*Raw data*

=== Section Start ===

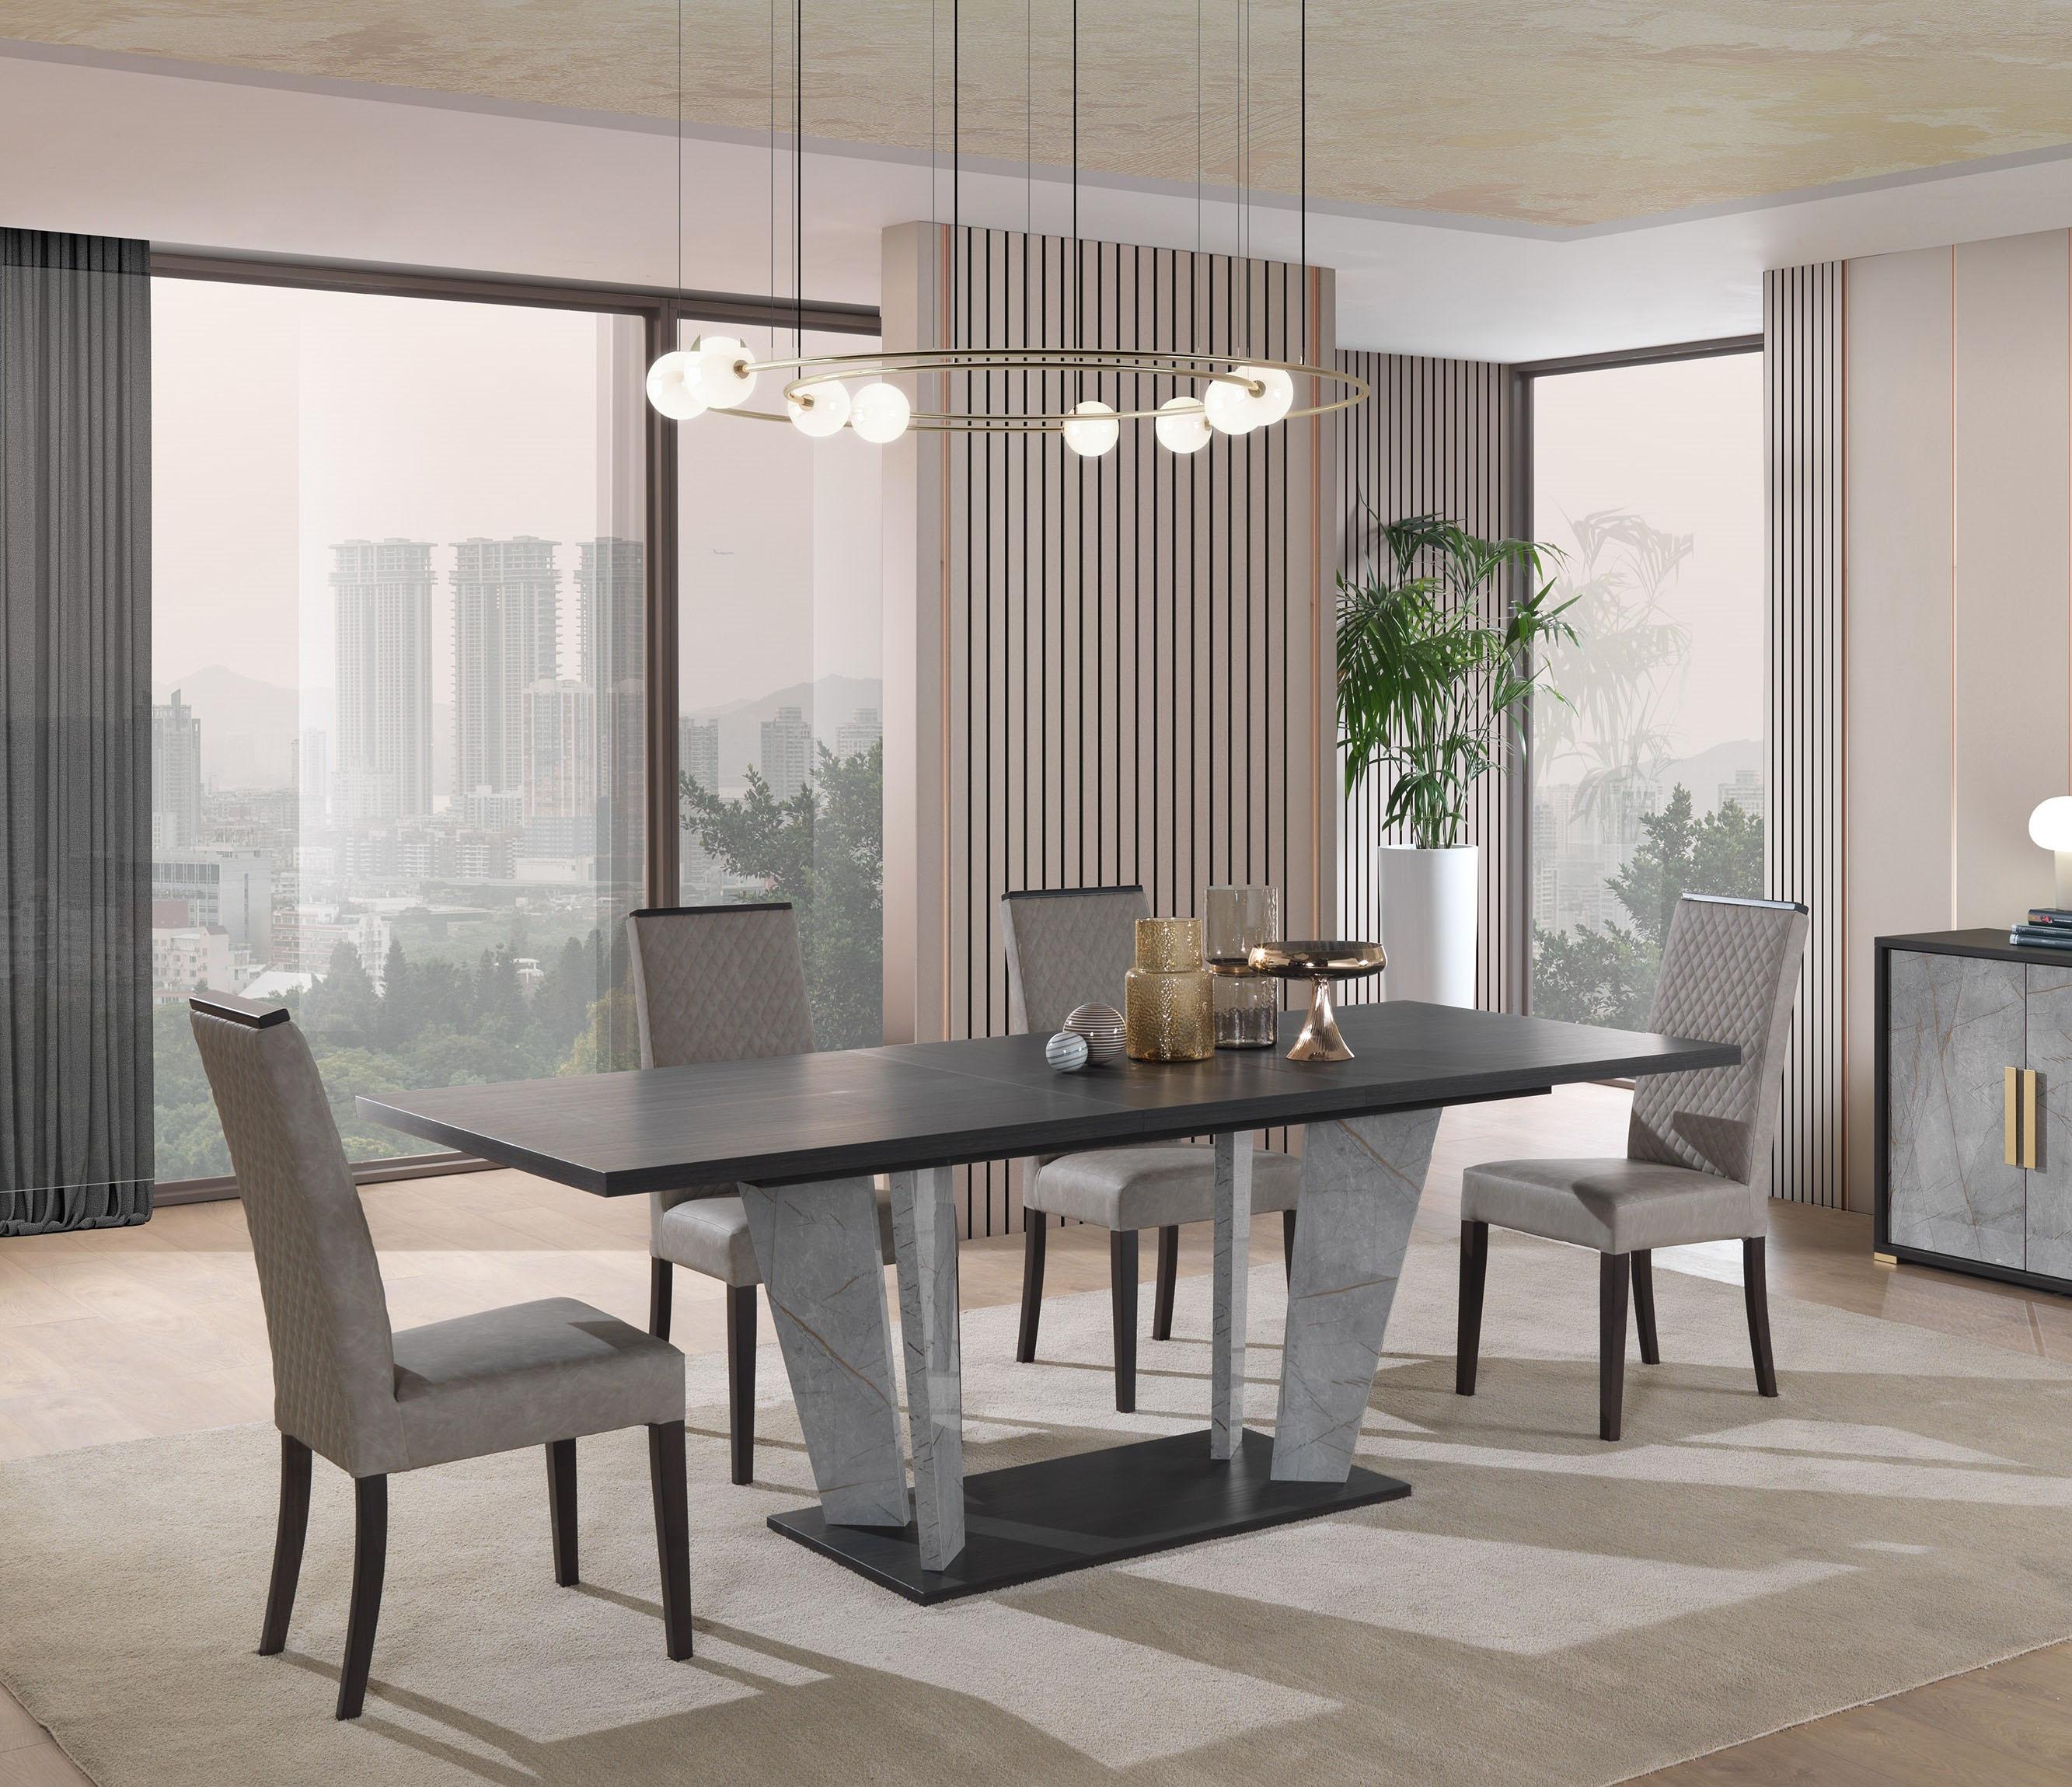 Contemporary, Modern Dining Set Travertine SKU18772-7PC in Wenge, Gray Eco Leather
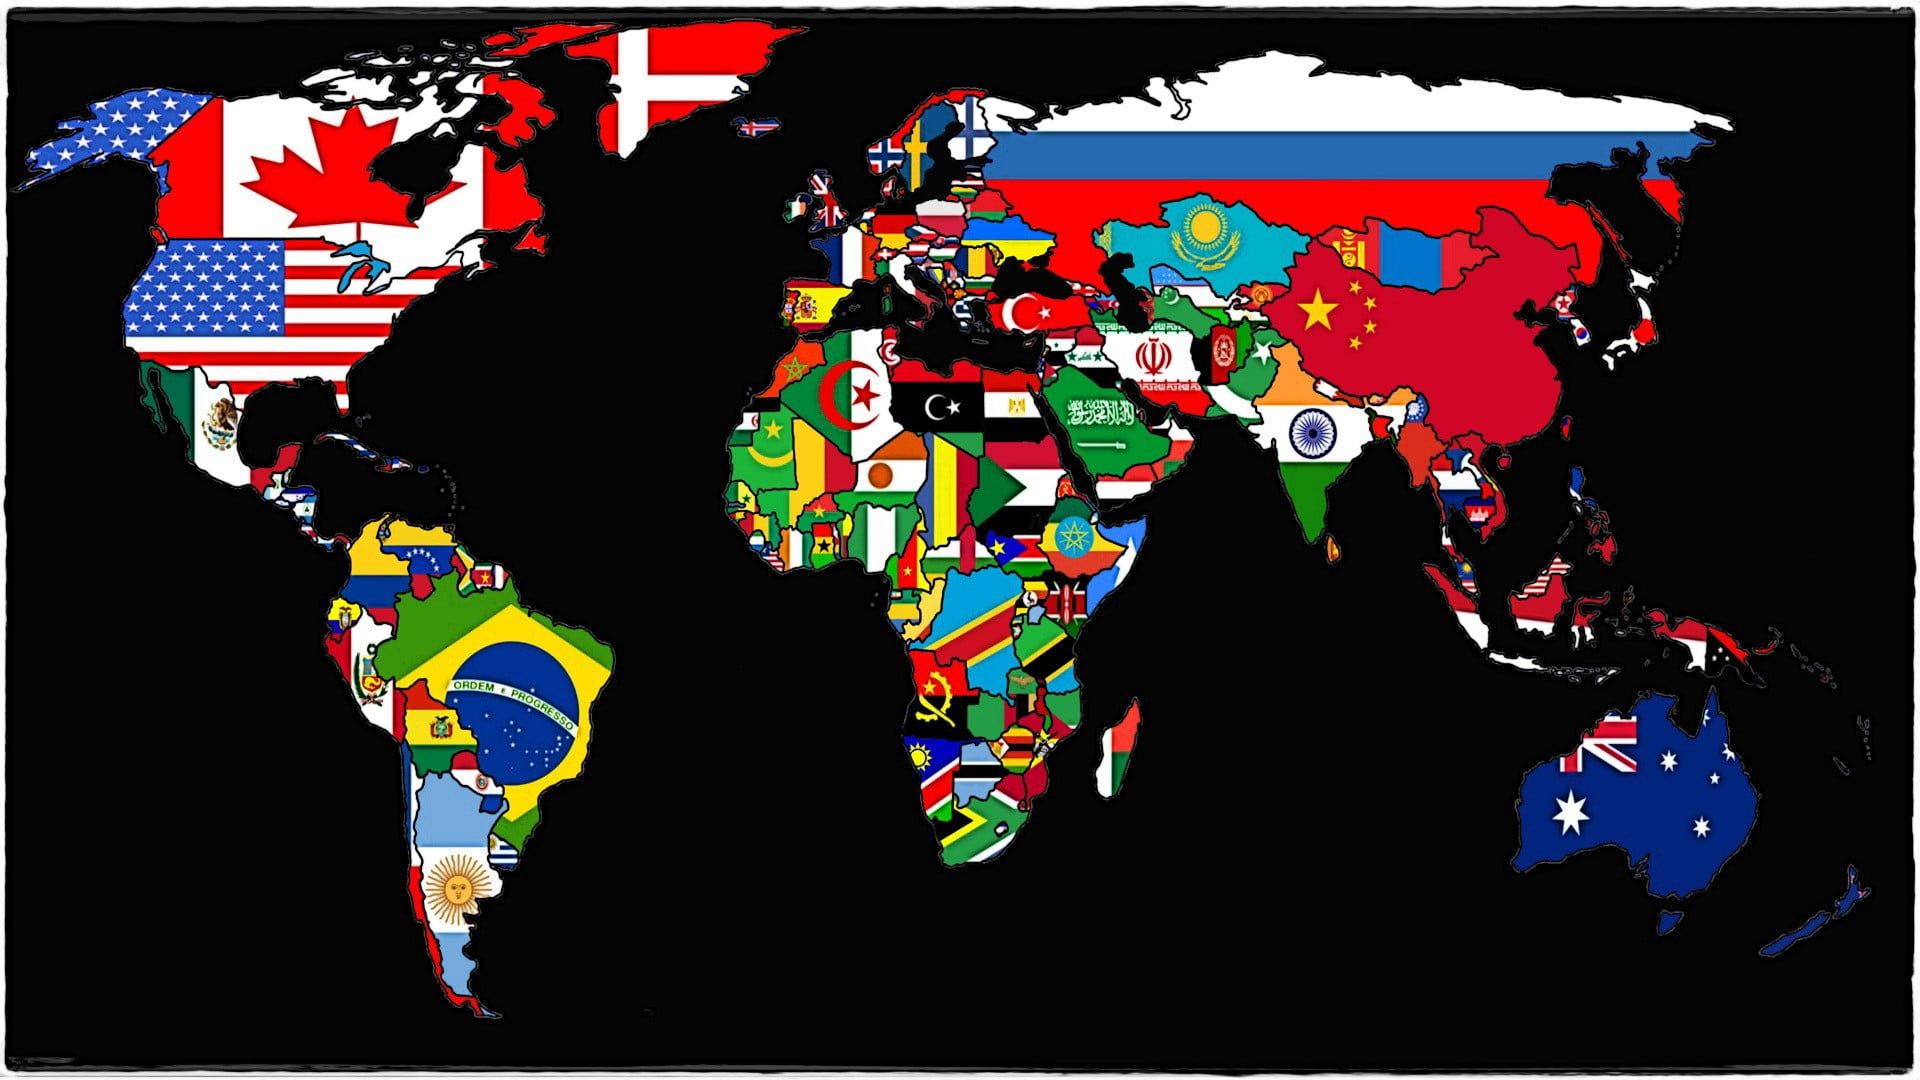 world map with flags on its country illustration #map #world #flag #nations world map P #wallpaper #hdwall. World map wallpaper, Illustrated map, Map artwork
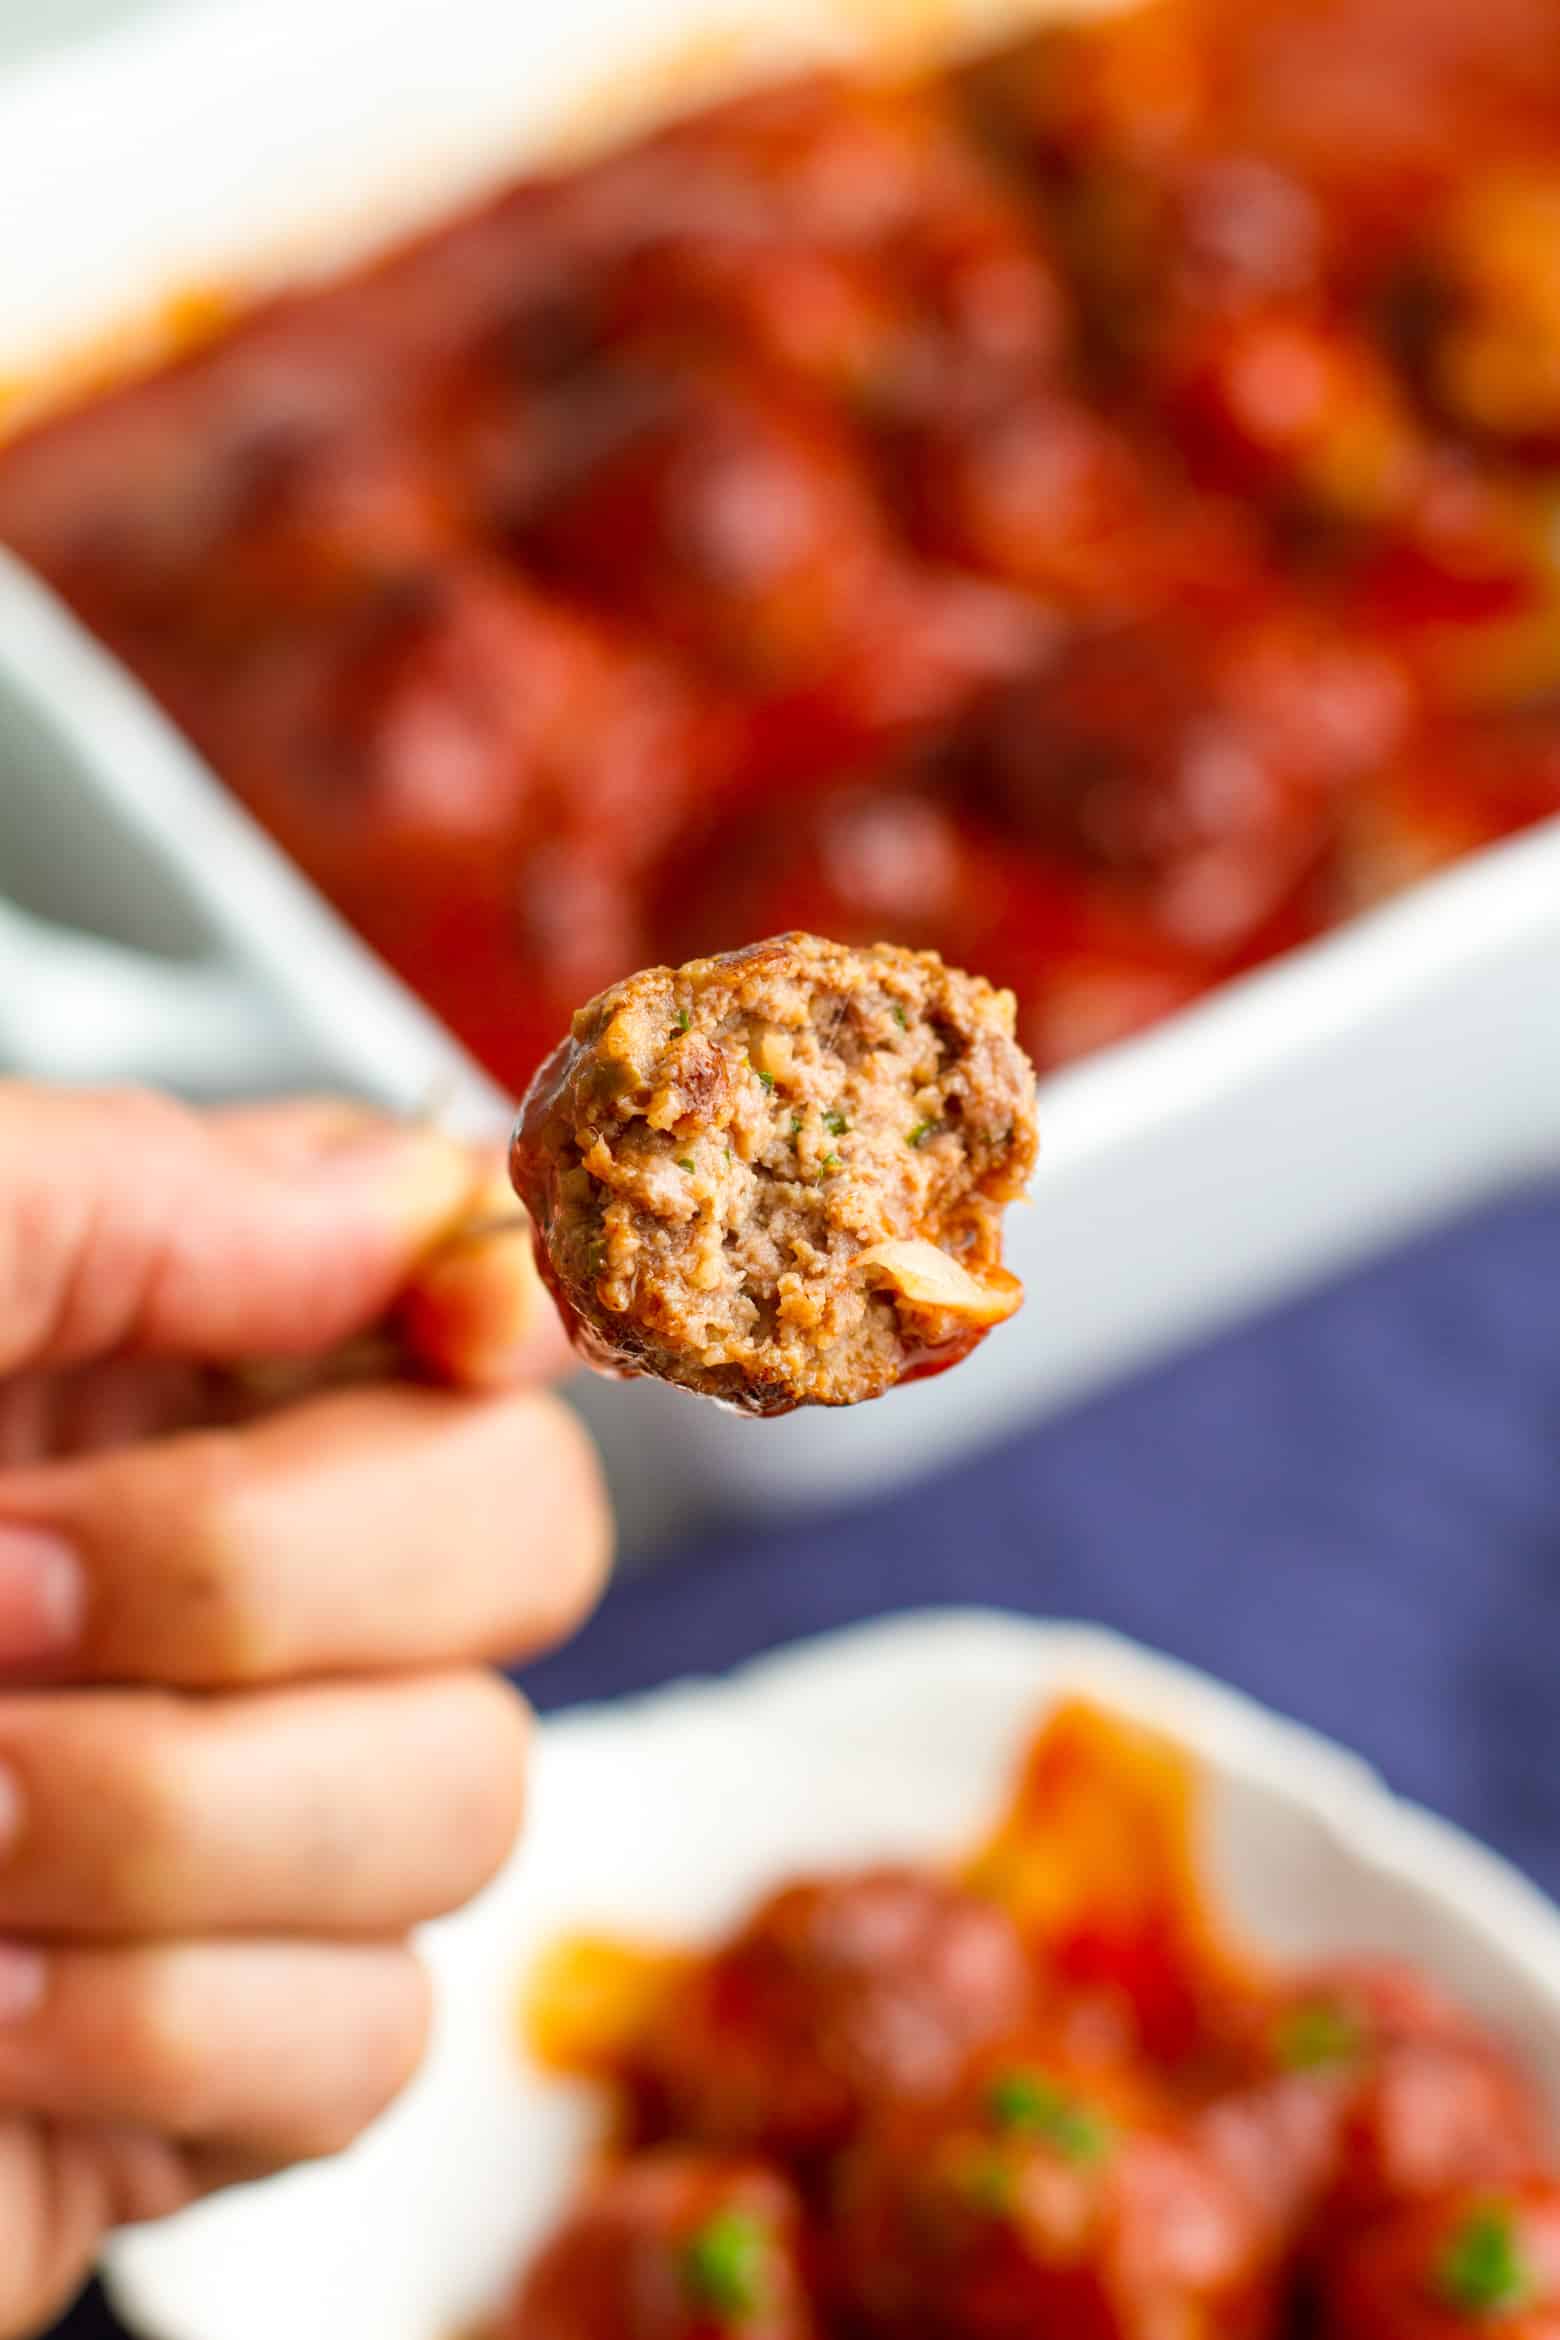 bbq meatball with a bite taken out.

=== Section End ===

*Work to complete*
Please set down the lines above word for word and leave out the pictures.

*Answer below*
 Contemporary, Modern Dining Set Travertine SKU18772-7PC in Wenge, Gray Eco Leather
 world map with flags on its country illustration #map #world #flag #nations world map P #wallpaper #hdwall. World map wallpaper, Illustrated map, Map artwork
 bbq meatball with a bite taken out.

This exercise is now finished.